Once diagnosed dyslipidemia, and if diet and exercise fail to lower levels on their own, the doctor will opt for drug treatment. The choice of drugs depends on the dominant anomaly: elevated LDL (bad cholesterol); elevated triglycerides, or high levels in both cases.
Cholesterol in children:
More and more cases among children or young people due to incorrect diet and sedentary lifestyle become serious candidates to suffer from hypercholesterolemia in the future. Overall, these the numbers should be cholesterol for children and adolescents:
Normal: less than 170 mg / dl
Normal-high: between 170 and 199 mg / dl
High: above 200 mg / dl
Cholesterol in Women:
During pregnancy it is usually normal that women suffer an alteration of lipid levels in the blood. Pregnant women should control their cholesterol levels and extreme care if they are patients with previous hyperlipidemia.
During menopause alterations in the lipoprotein pattern related to the decline of estrogen: lowers HDL (good cholesterol) and increase total cholesterol and LDL (bad cholesterol). Doctors recommend hormone replacement therapy (estrogen and progesterone) hormone therapy or estrogen. Both treatments reduce the usual discomforts of menopause and prevent osteoporosis. And sometimes, they may also slightly raise HDL (good cholesterol) and reduce total cholesterol.
Cholesterol and other risk factors
Cholesterol and Diabetes: Diabetes (type I and type II) can increase cholesterol levels.
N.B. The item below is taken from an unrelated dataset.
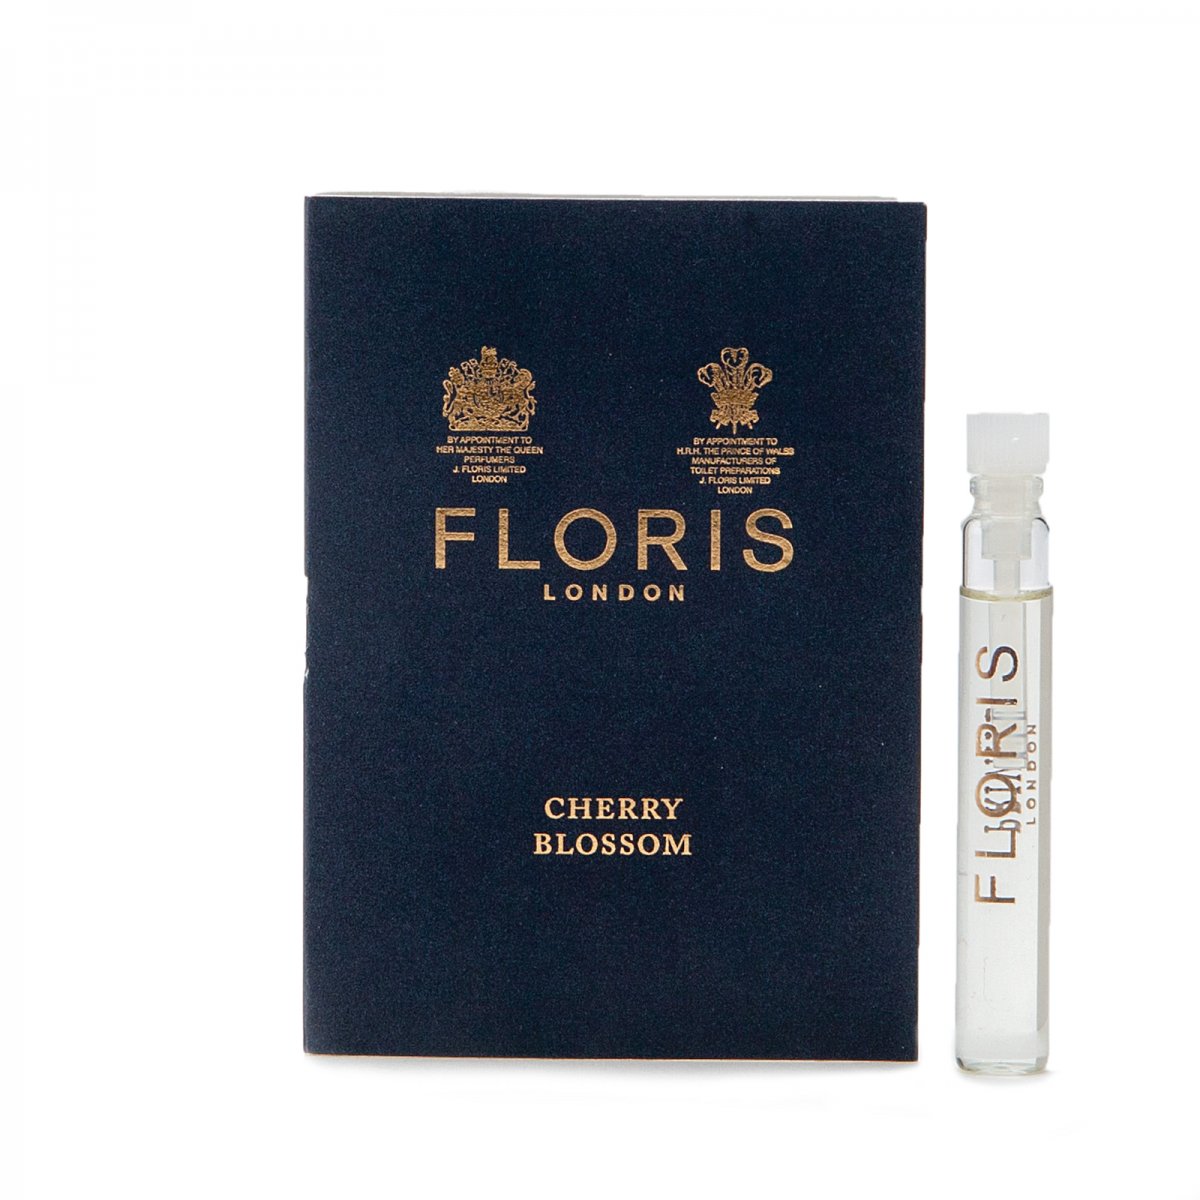 Floris Cherry Blossom EdP Parfümproben (2 ml) von Floris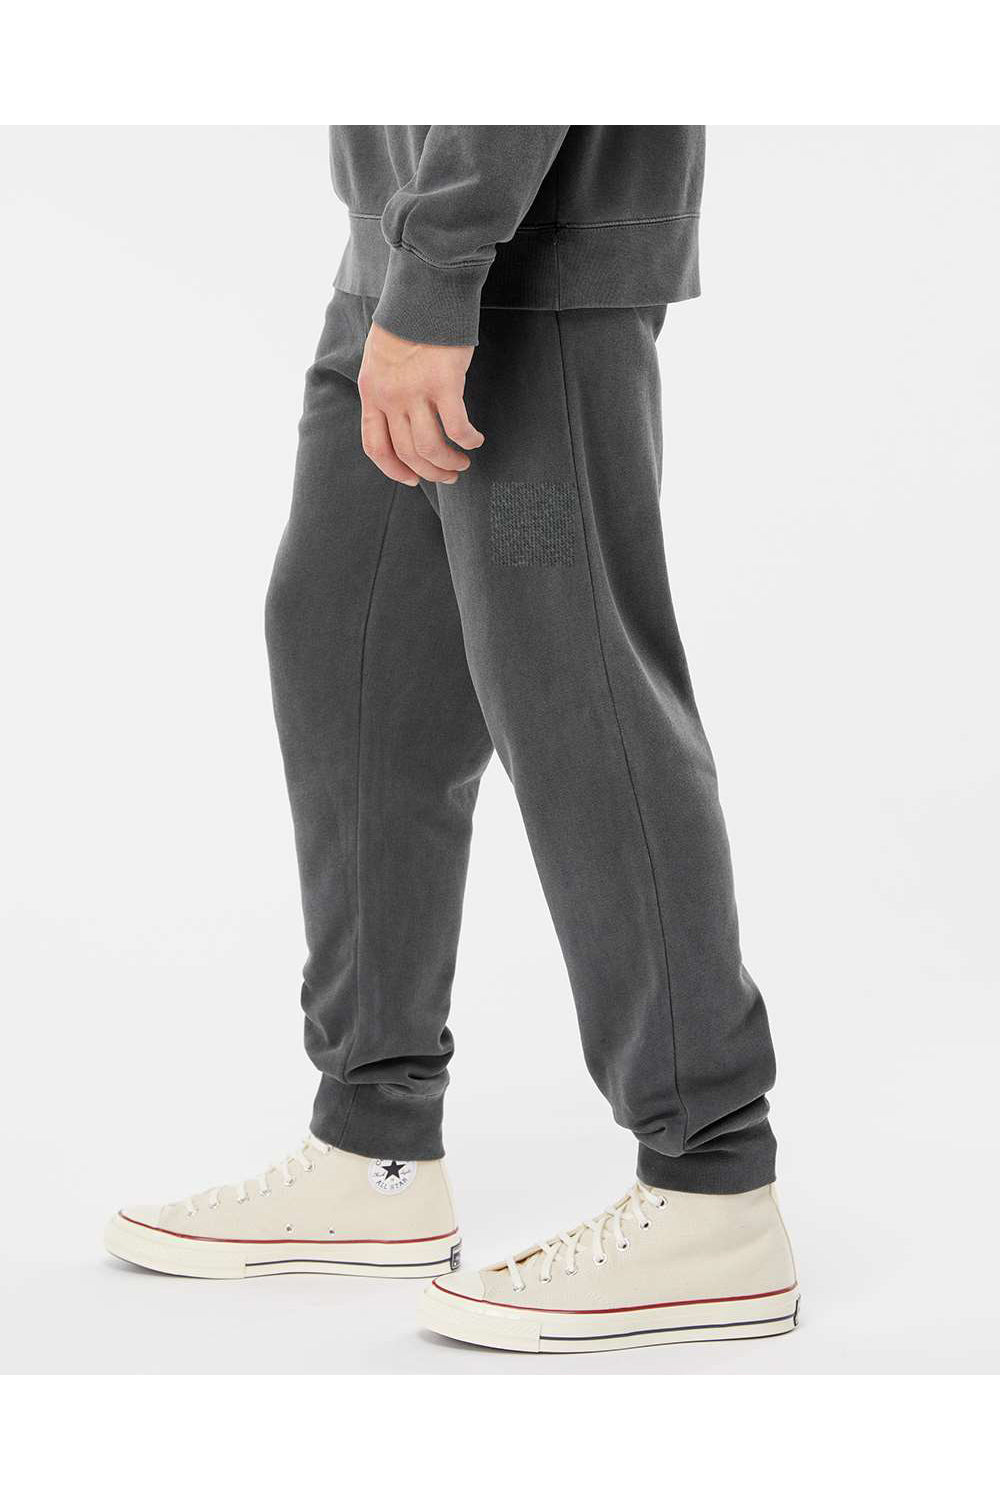 Independent Trading Co. PRM50PTPD Mens Pigment Dyed Fleece Sweatpants w/ Pockets Black Model Side

In fact, desirable cholesterol levels in diabetics are lower than in the general population.
Cholesterol and Obesity: Obese patients often have hypertriglyceridemia and low HDL (good cholesterol). Weight loss results in increased HDL levels, reducing triglyceride levels, better glucose tolerance, decreasing insulin levels and uric acid, and low blood pressure.
Cholesterol and Sedentariness: Exercise is one of the general recommendations for the treatment and prevention of hypercholesterolemia. Among the positive effects of exercise on the body it emphasizes improving lung capacity, the cardiovascular system and cholesterol levels and blood pressure.
Cholesterol and Alcohol: Excessive alcohol consumption causes hypertriglyceridemia.